调度器类
而依据其调度策略的不同实现了5个调度器类, 一个调度器类可以用一种种或者多种调度策略调度某一类进程, 也可以用于特殊情况或者调度特殊功能的进程.
其所属进程的优先级顺序为
stop_sched_class -> dl_sched_class -> rt_sched_class -> fair_sched_class -> idle_sched_class
3个调度实体
调度器不限于调度进程, 还可以调度更大的实体, 比如实现组调度.
这种一般性要求调度器不直接操作进程, 而是处理可调度实体, 因此需要一个通用的数据结构描述这个调度实体,即seched_entity结构, 其实际上就代表了一个调度对象,可以为一个进程,也可以为一个进程组.
linux中针对当前可调度的实时和非实时进程, 定义了类型为seched_entity的3个调度实体
- sched_dl_entity 采用EDF算法调度的实时调度实体 sched_rt_entity
- 采用Roound-Robin或者FIFO算法调度的实时调度实体 rt_sched_class
- sched_entity 采用CFS算法调度的普通非实时进程的调度实体
task_tick
event_handler()-->tick_handle_periodic()->tik_periodic()->update_process_times()-->scheduler_tick()

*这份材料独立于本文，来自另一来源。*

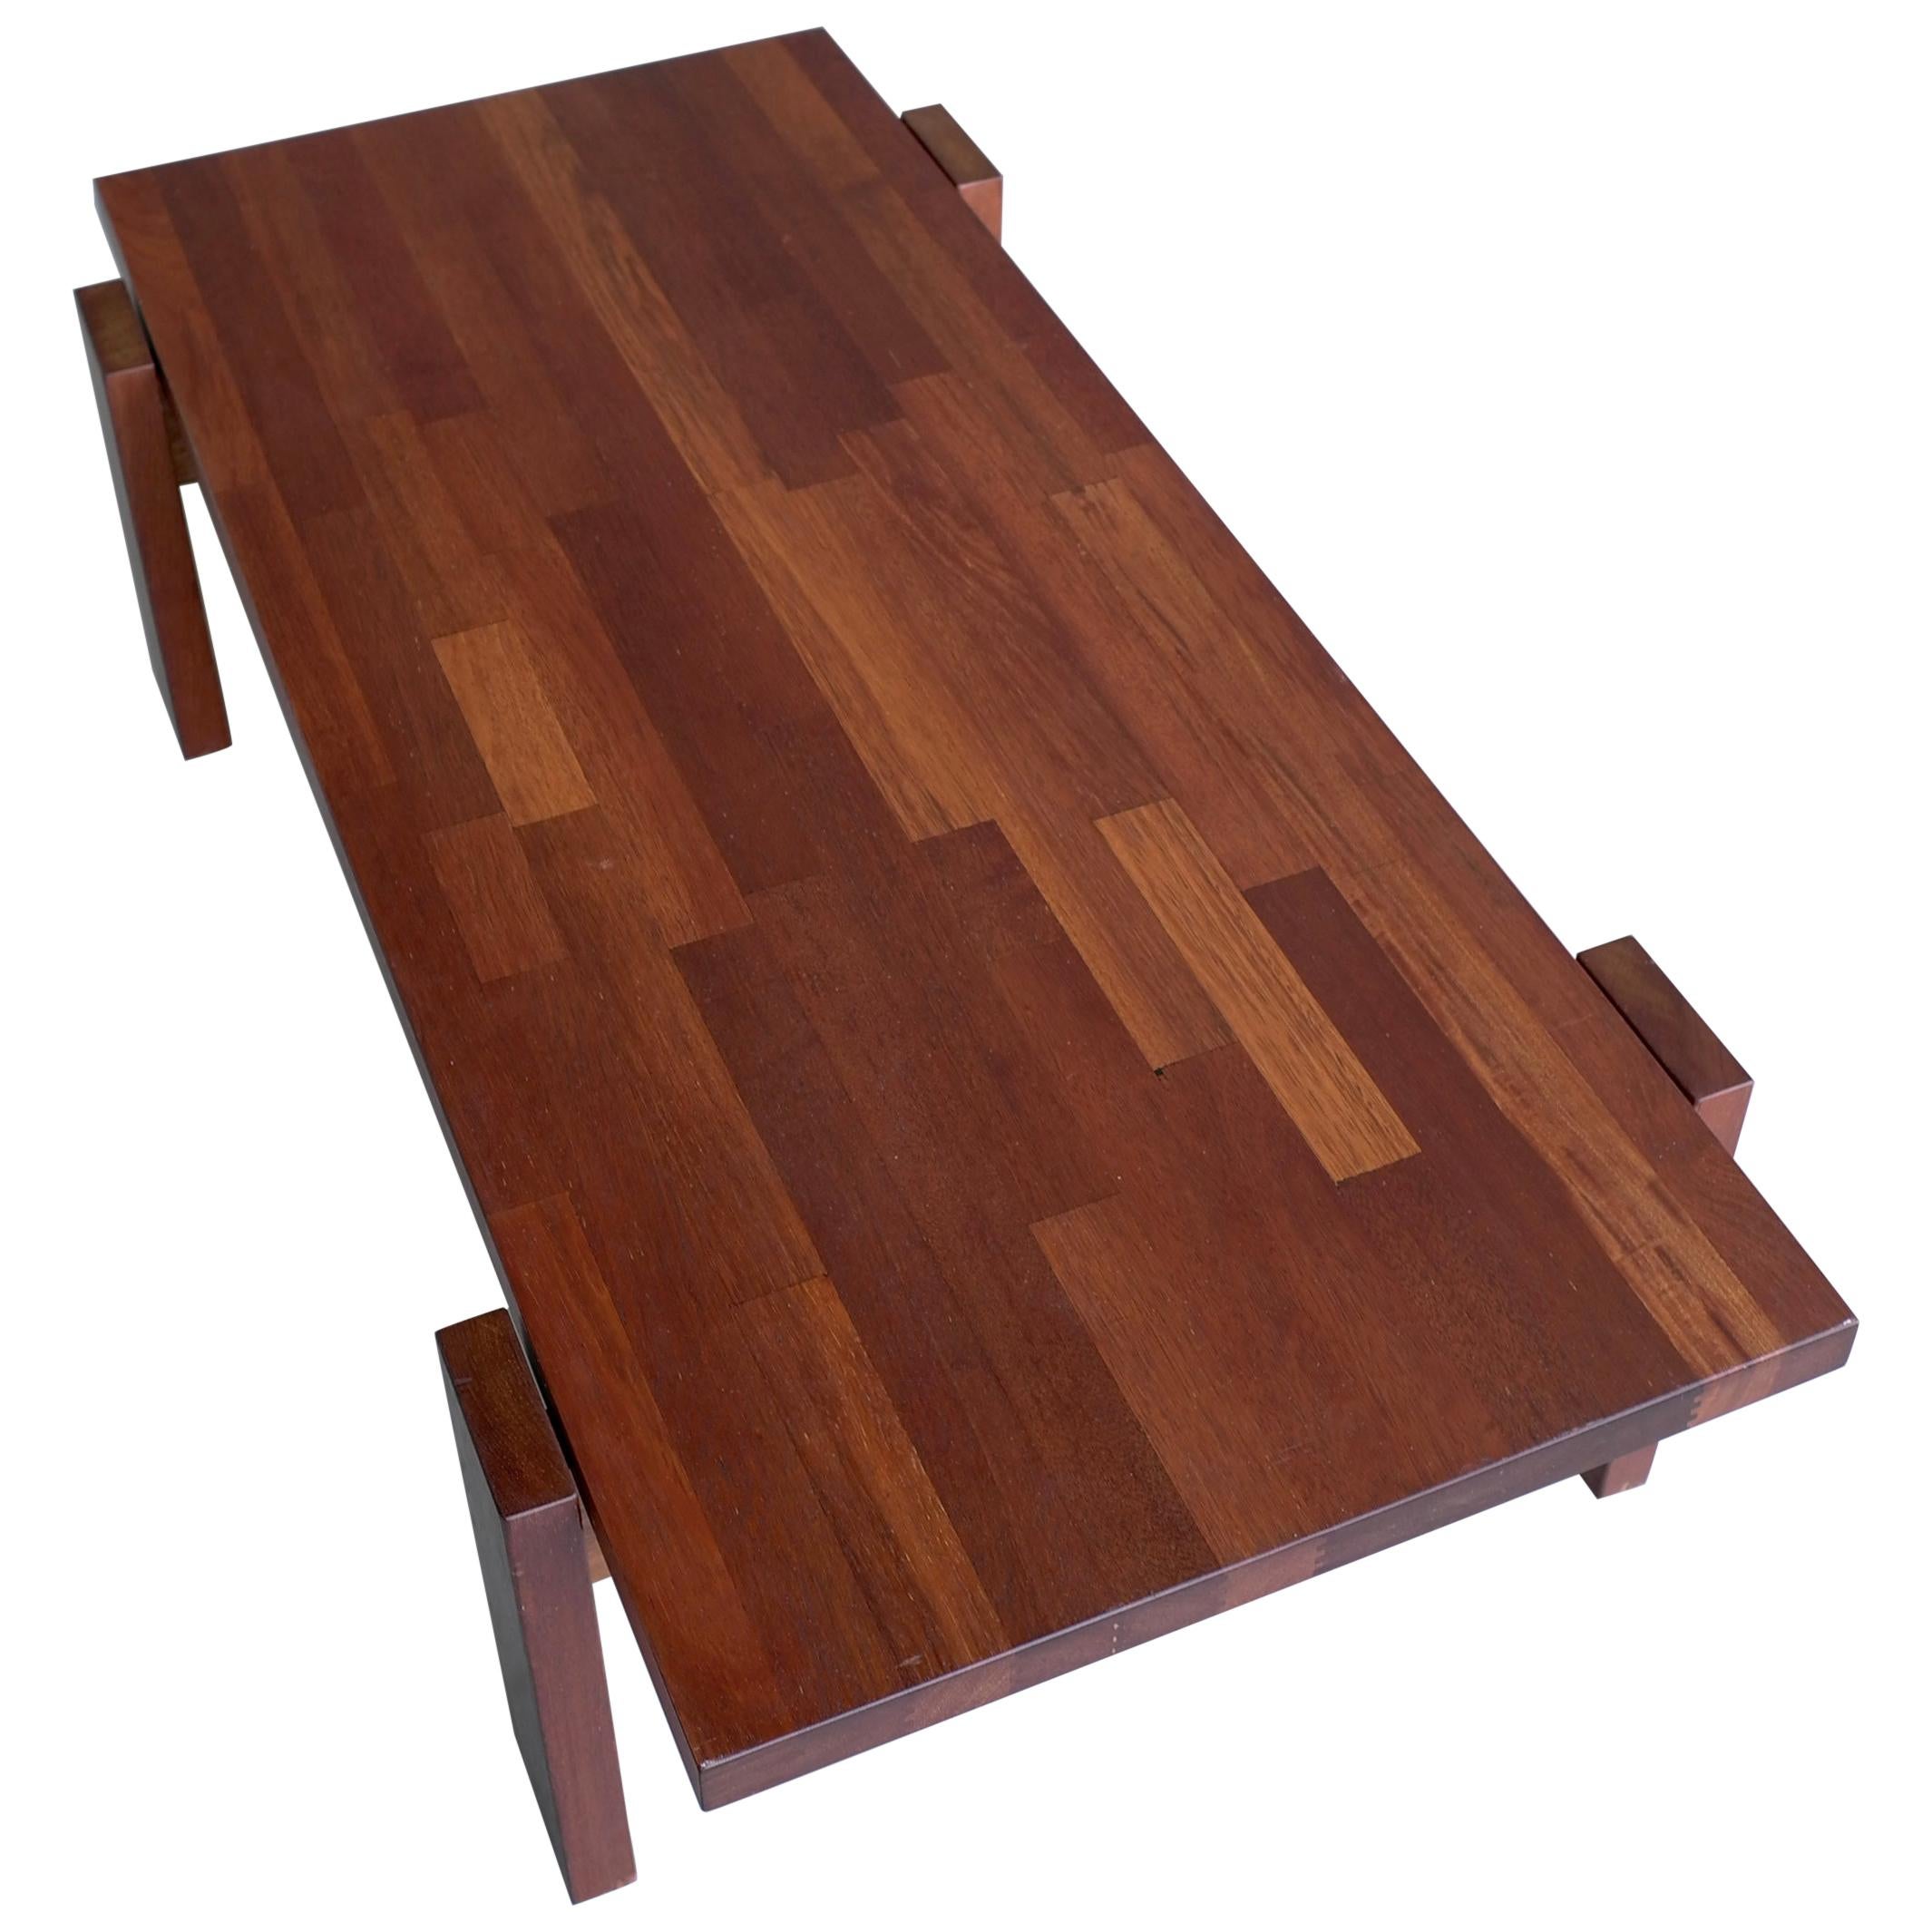 Robust Hardwood Coffee Table in Style of Jorge Zalszupin, Brazil, 1960s

void scheduler_tick(void) { int cpu = smp_processor_id(); struct rq *rq = cpu_rq(cpu); struct task_struct *curr = rq->curr; sched_clock_tick(); //----------(1) raw_spin_lock(&rq->lock); update_rq_clock(rq); //---------(2) curr->sched_class->task_tick(rq, curr, 0); //-------(3) update_cpu_load_active(rq); //-----------(4) raw_spin_unlock(&rq->lock); perf_event_task_tick(); #ifdef CONFIG_SMP rq->idle_balance = idle_cpu(cpu); trigger_load_balance(rq); #endif rq_last_tick_reset(rq); }
这个函数的关键处理就是调用:
curr->sched_class->task_tick(rq, curr, 0);
注意它传入的参数,是当前runqueue中的curr变量,也就是当前正在运行着的进程。这里会调用调度类中的task_tick回调,我们主要以CFS调度器来做介绍。

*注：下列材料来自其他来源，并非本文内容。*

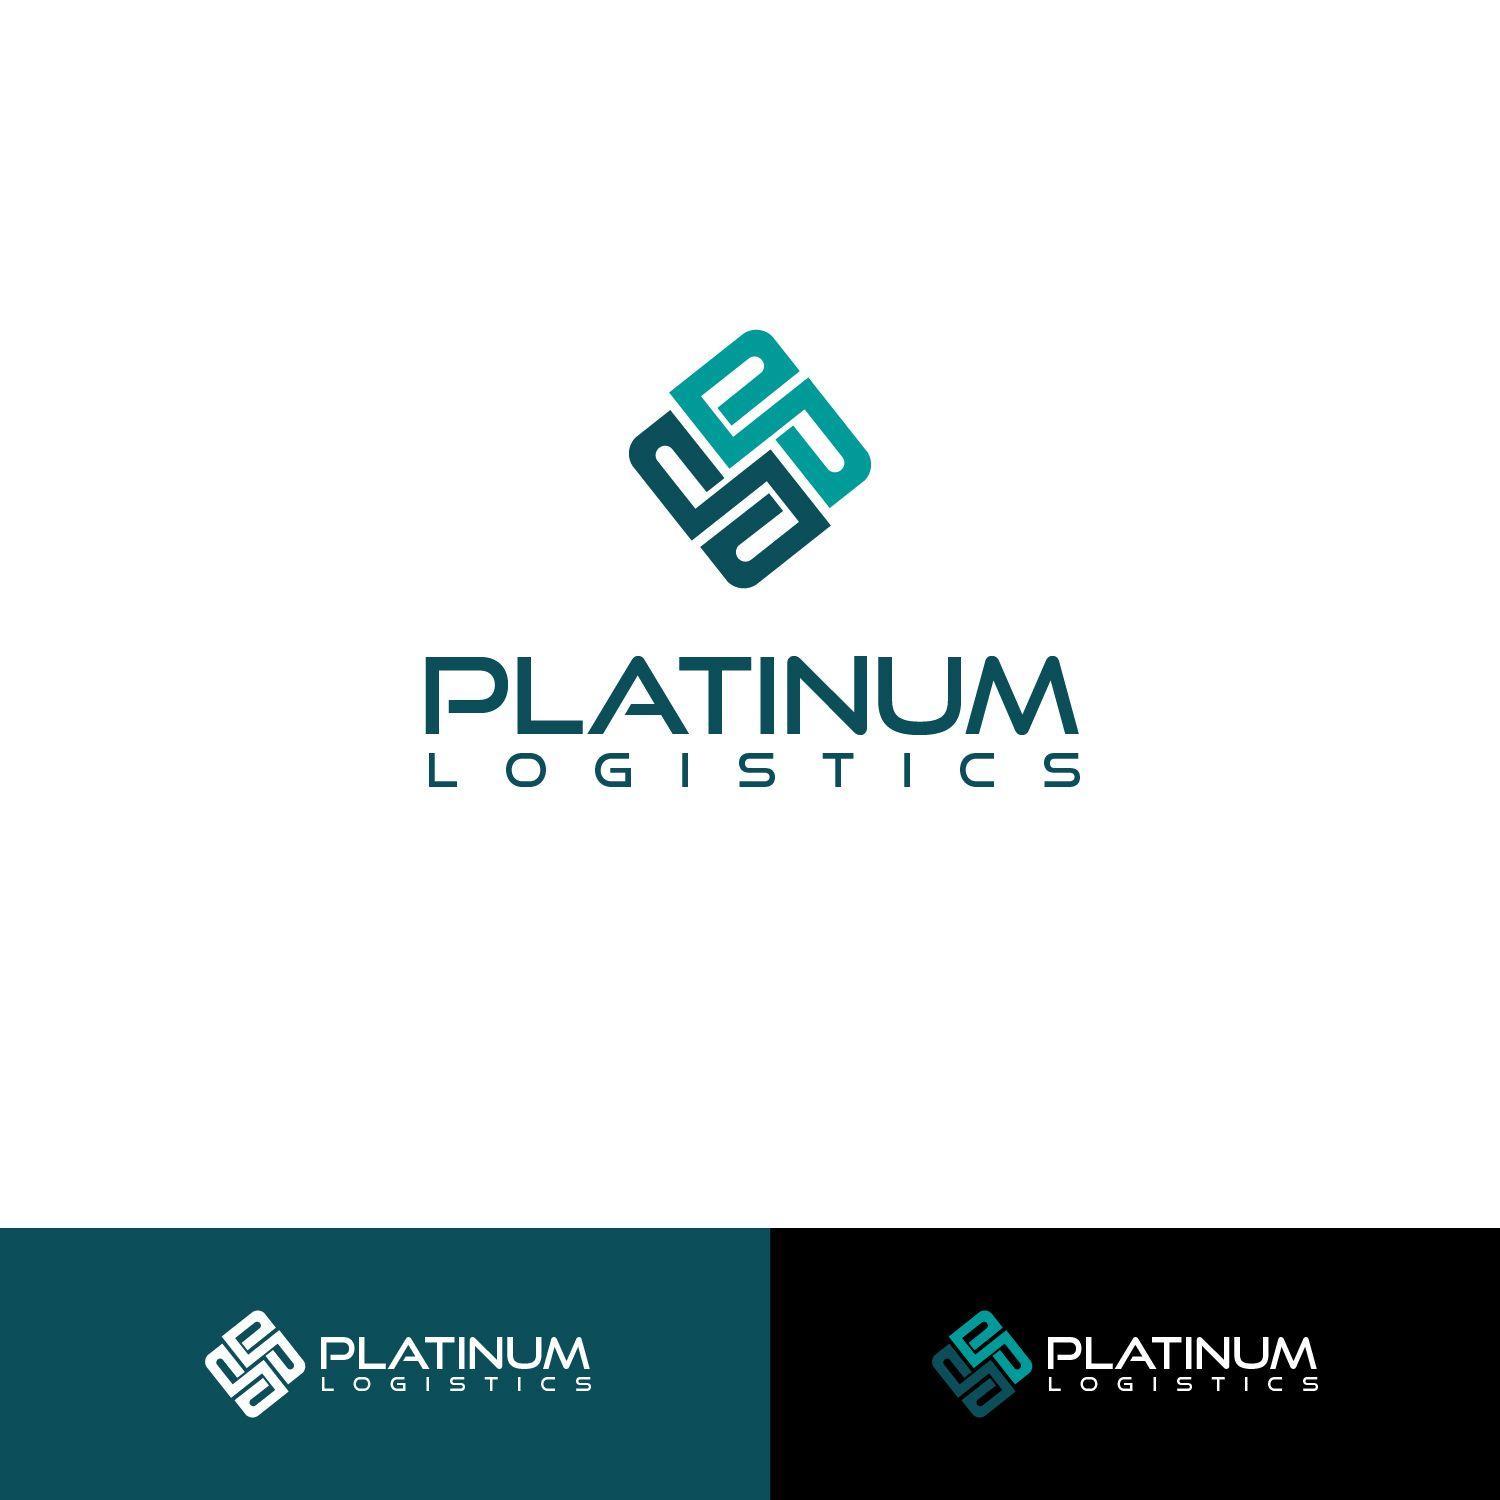 Logistics Logo - Modern Logo Designs. Logistic Logo Design Project for Platinum

static void task_tick_fair(struct rq *rq, struct task_struct *curr, int queued) { struct cfs_rq *cfs_rq; struct sched_entity *se = &curr->se; for_each_sched_entity(se) { cfs_rq = cfs_rq_of(se); entity_tick(cfs_rq, se, queued); //(1) } if (numabalancing_enabled) task_tick_numa(rq, curr); update_rq_runnable_avg(rq, 1); //(2) }
其中关键的两个步骤:
(1)执行调度实体的tick函数更新统计量和vruntime
(2)更新runqueue的avg统计量和负载
static void entity_tick(struct cfs_rq *cfs_rq, struct sched_entity *curr, int queued) { /* * Update run-time statistics of the 'current'. */ update_curr(cfs_rq); //(1) /* * Ensure that runnable average is periodically updated. */ update_entity_load_avg(curr, 1); //(2) update_cfs_rq_blocked_load(cfs_rq, 1); update_cfs_shares(cfs_rq); #ifdef CONFIG_SCHED_HRTICK /* * queued ticks are scheduled to match the slice, so don't bother * validating it and just reschedule. */ if (queued) { resched_curr(rq_of(cfs_rq)); return; } /* * don't let the period tick interfere with the hrtick preemption */ if (!sched_feat(DOUBLE_TICK) && hrtimer_active(&rq_of(cfs_rq)->hrtick_timer)) return; #endif if (cfs_rq->nr_running > 1) check_preempt_tick(cfs_rq, curr); //(3) }
(1)update_curr更新当前调度实体的runtime信息,包括exec time实际执行时间,以及vruntime,虚拟时间
(2)更新调度实体的avg负载,以便于给后面runqueue负载计算使用
(3) check_preempt_tick用于判断当前情况是否需要执行系统调度,这个是调度关键函数。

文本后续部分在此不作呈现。